Vamos, dancemos sobre la nieve.
Desde el amanecer hasta la tarde.
Vamos, dancemos sobre la nieve,
en el vacío virgen entre el entonces y el ahora.
Giremos dos veces, un paso adelante y otro atrás.
Ahora a un lado, después al otro.
Con las manos en la cadera,
después entrelazadas en la espalda.
Vamos, dancemos sobre la nieve.
La mejor forma de pasar el día.
Vamos, dancemos sobre la nieve,
en el regazo de Ribbe estamos seguros.
Giremos tres veces, un paso adelante y otro atrás.

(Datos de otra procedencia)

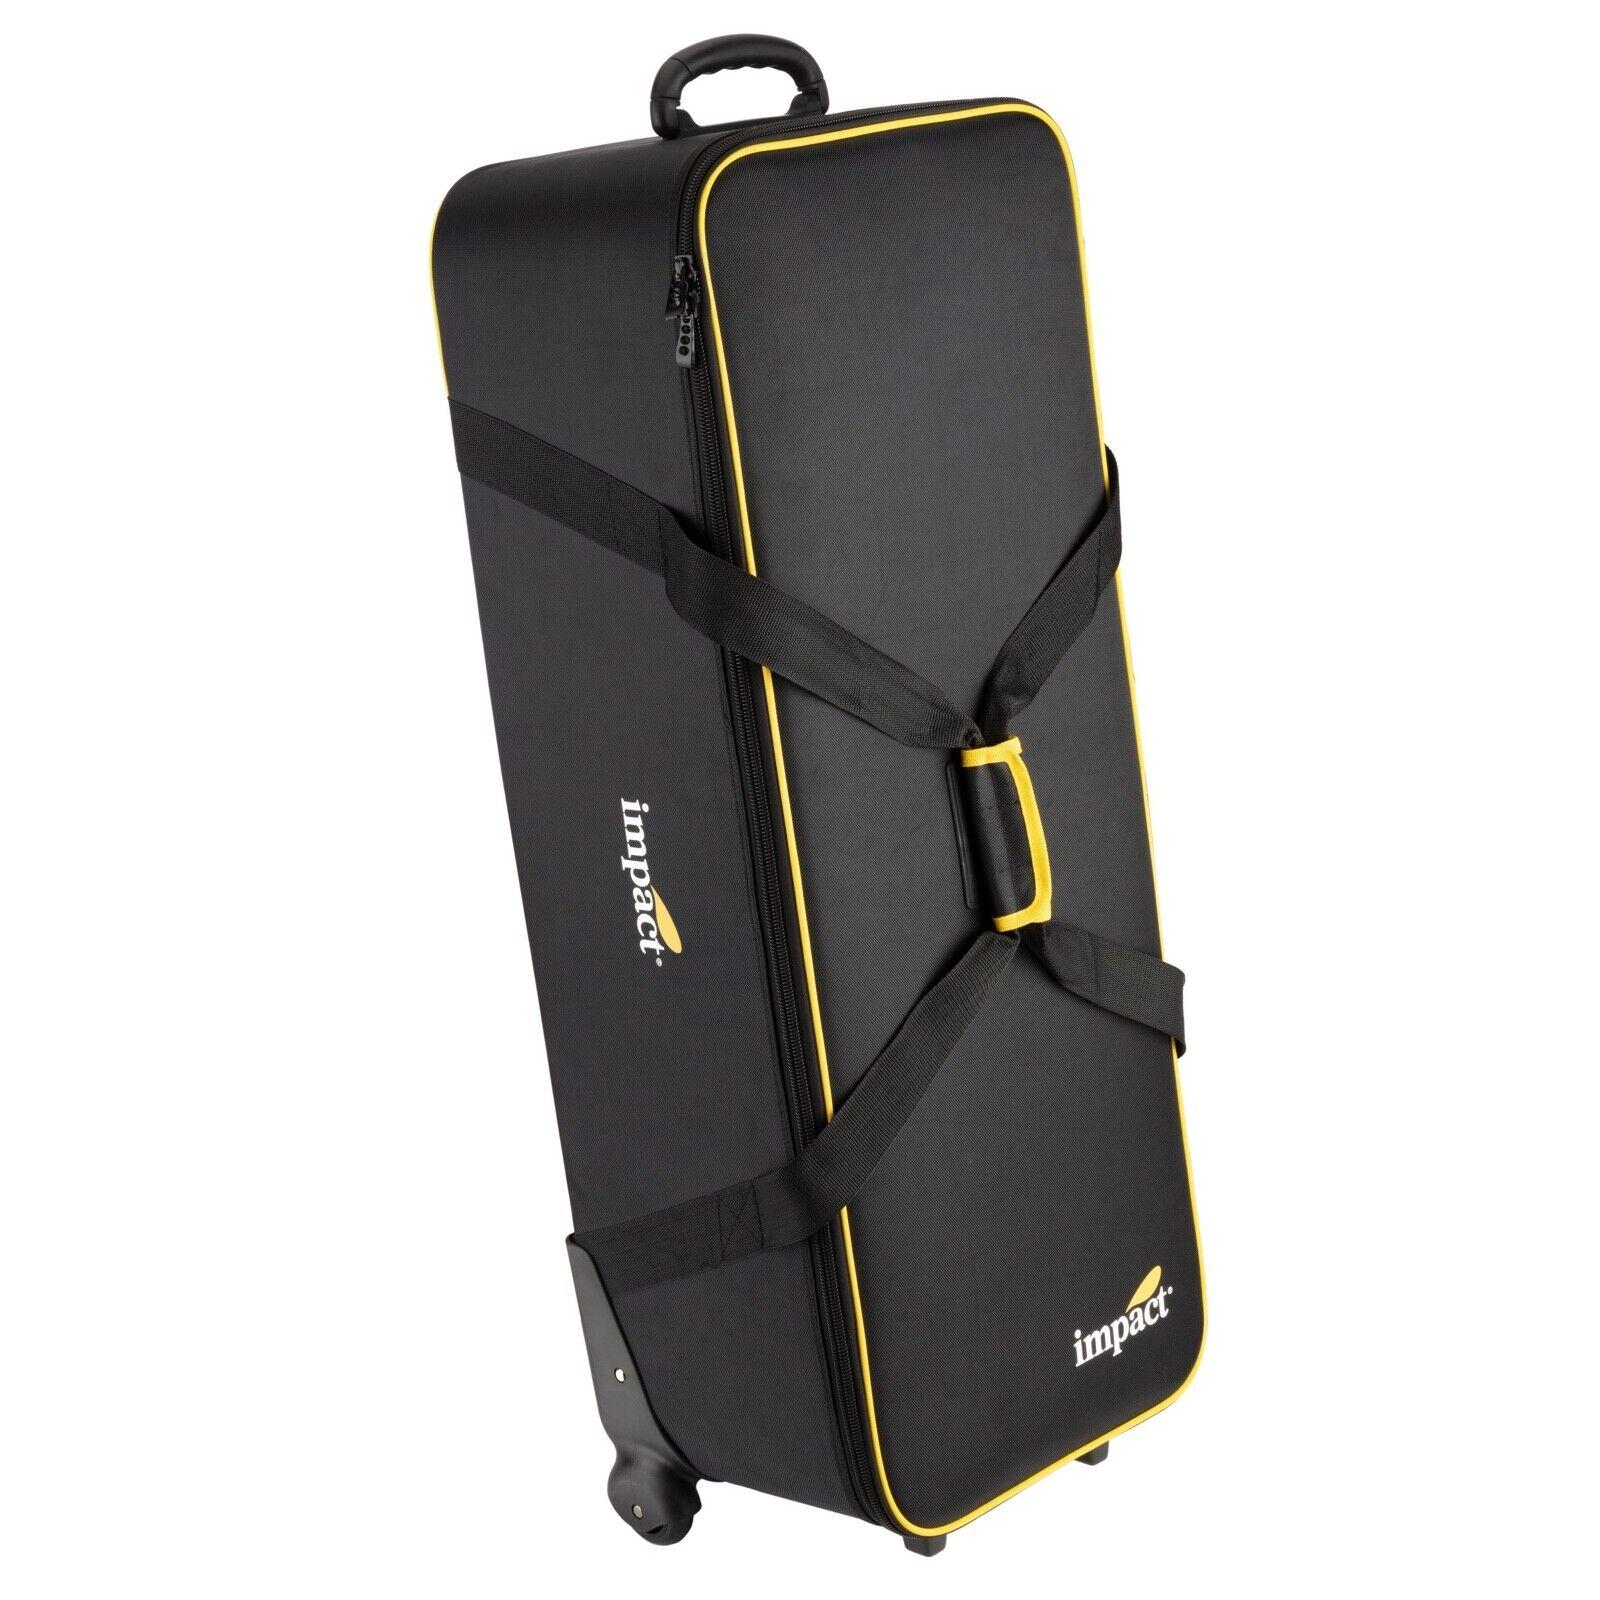 NEW Impact Light Kit Roller Bag Medium - LKB-R2-V2 - Adjustable - $50.00

Ahora a un lado, después al otro.
Con las manos en la cadera,
después entrelazadas en la espalda.
RIBBE, Canción de la danza de invierno, fragmento
El amanecer del día siguiente reveló un mundo de silencio envuelto en la bruma. Cuando se levantó la niebla y se disolvió en la atmósfera transparente de la mañana, comprobaron que una capa de nieve de unos treinta centímetros lo cubría todo. Vieron huellas de pájaros y otros animales en las proximidades de la cueva, pero no había ninguna criatura a la vista. Las montañas nevadas que se erguían imponentes al este, en el horizonte, eran una fortaleza inexpugnable que se recortaba en el azul del cielo de invierno. El aire no se movía. Una columna de humo se elevaba lentamente dibujando círculos contra el telón de fondo de las montañas.
Lethe intentó encontrar el punto exacto por el que habían salido de la Chimenea del Diablo hasta la cima, pero le resultó imposible.

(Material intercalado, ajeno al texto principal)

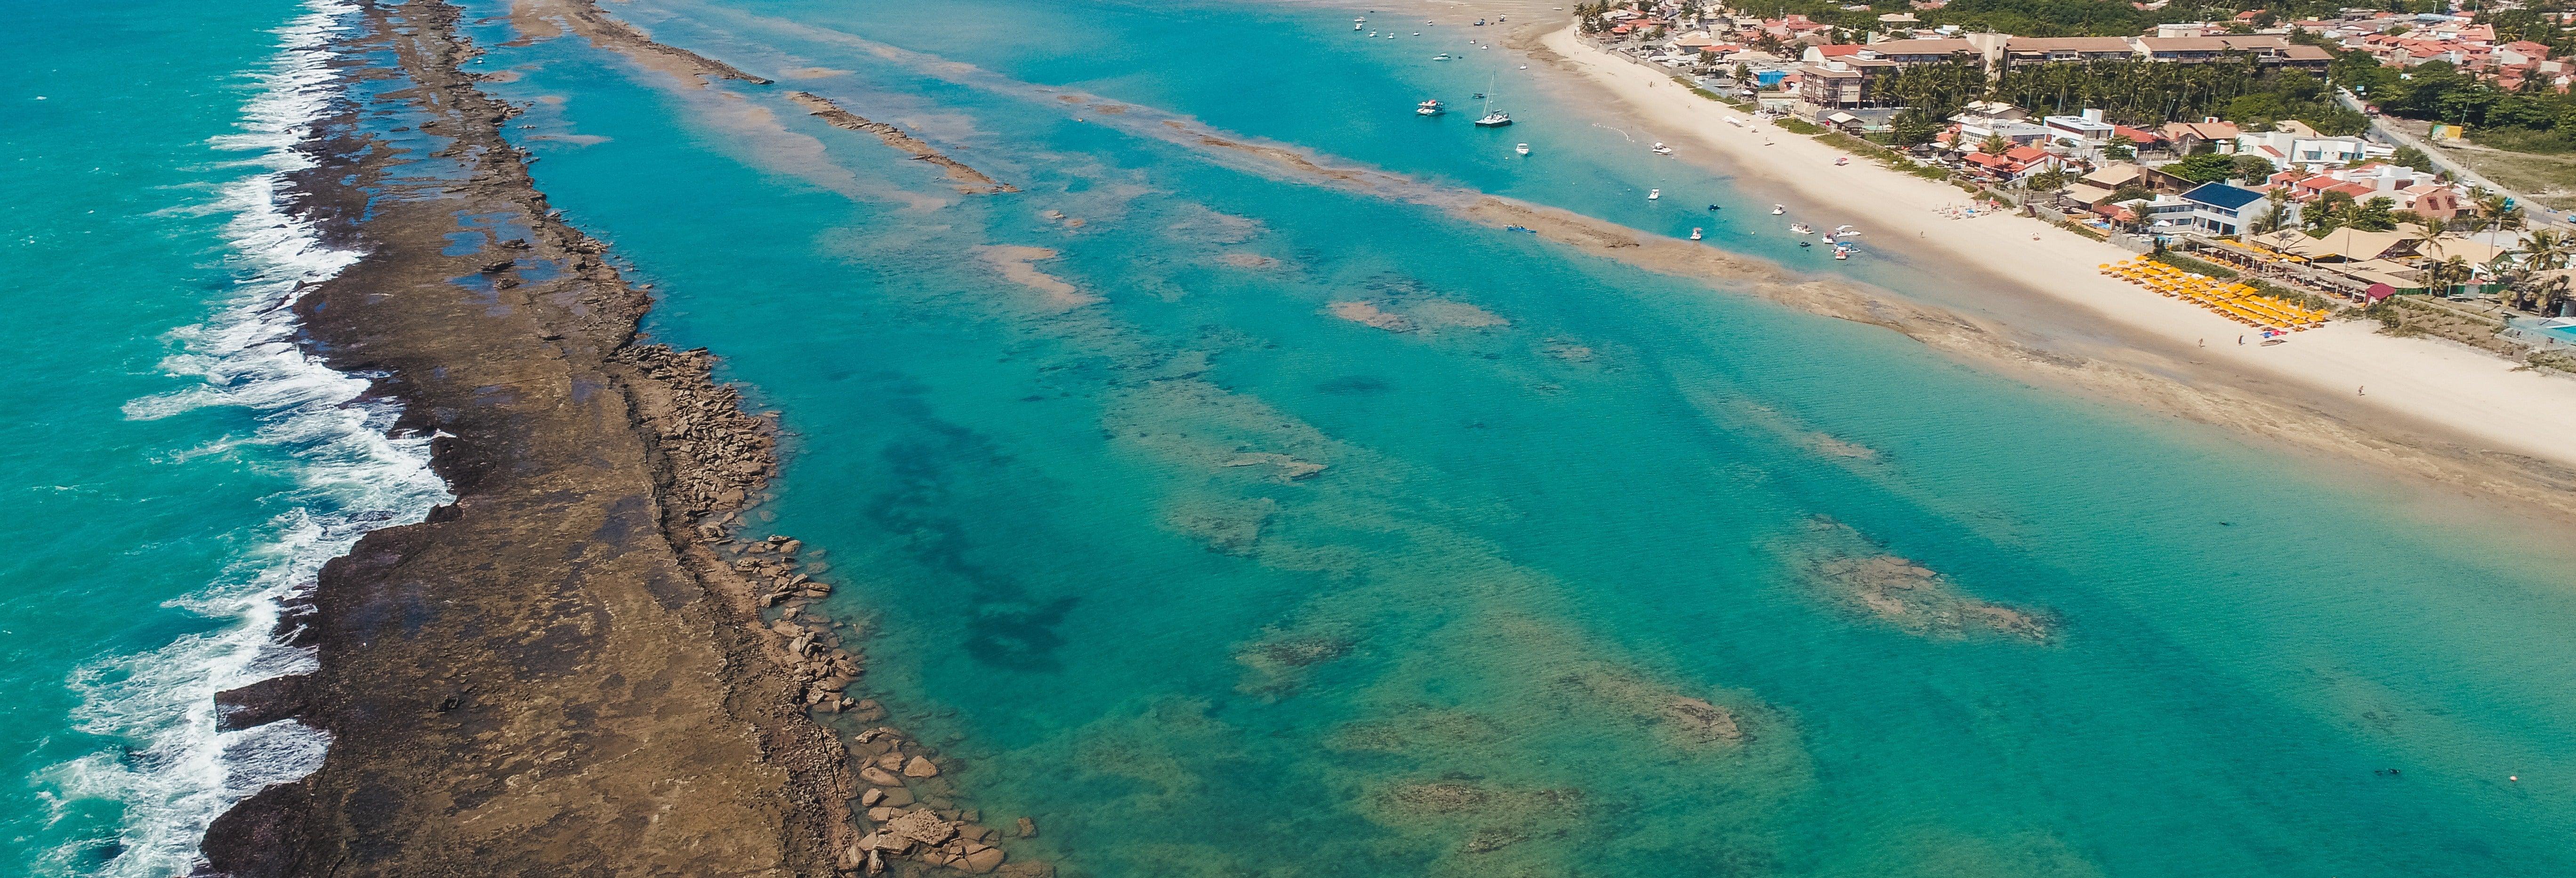 Excursión privada a Barra de San Miguel + Playas del Francés y Gunga

—¿Ése es el pico de Morangel? —preguntó a Horn, señalando hacia el pico más alto.
El guía asintió. Examinó el cielo.
—Parece que tendremos un día tranquilo. Llegaremos a la meseta antes del anochecer.
Parecía seguro de sí mismo. Aquel hombre suscitaba la fascinación de Lethe. A veces, las personas cargaban con secretos, ocultos en lo más profundo de sus mentes. Horn era una de esas personas. Estuvo a punto de compartir ese secreto con Lethe, pero en el último momento se mordió la lengua. Lethe observó los movimientos hábiles de Horn mientras éste organizaba su mochila y se la colocaba en la espalda.
—Debéis comer algo —dijo el guía—. Después de atravesar el pico de Morangel, podremos aprovisionarnos cuando lleguemos a Tasker.
No explicó quién o qué era Tasker.
La nieve y el frío dificultaban la marcha. A Pit le costaba mantener el ritmo de Horn debido a su baja estatura. Llanfereit cargó con ella a la espalda durante parte del trayecto. Marakis estaba casi recuperado de los esfuerzos del día anterior, pero sentía los músculos tan rígidos como unas amarras. Gaithnard había envuelto las sandalias del príncipe con trozos de tela de su túnica de recambio. Dotar y Matei conversaban, y Lethe cerraba la marcha. Le gustaba aquel mundo blanco. El silencio era total, con excepción de los sonidos producidos por sus compañeros. Horn los condujo hasta un valle situado a los pies del pico de Morangel. Se detuvo cerca de una piedra colocada en posición vertical y retiró la nieve con un pie.
—Estoy intentando encontrar el sendero que conduce al pico de Morangel —informó a Llanfereit, que se puso de hinojos para dejar a Pit en el suelo.
Ambos se dispusieron a ayudar a Horn y dejaron la vía al descubierto.
—Conozco este camino en su mayor parte —dijo Horn mientras lo seguía con la vista hacia arriba—. Allí donde acaba, creo que podremos encontrar alguna senda hecha por animales.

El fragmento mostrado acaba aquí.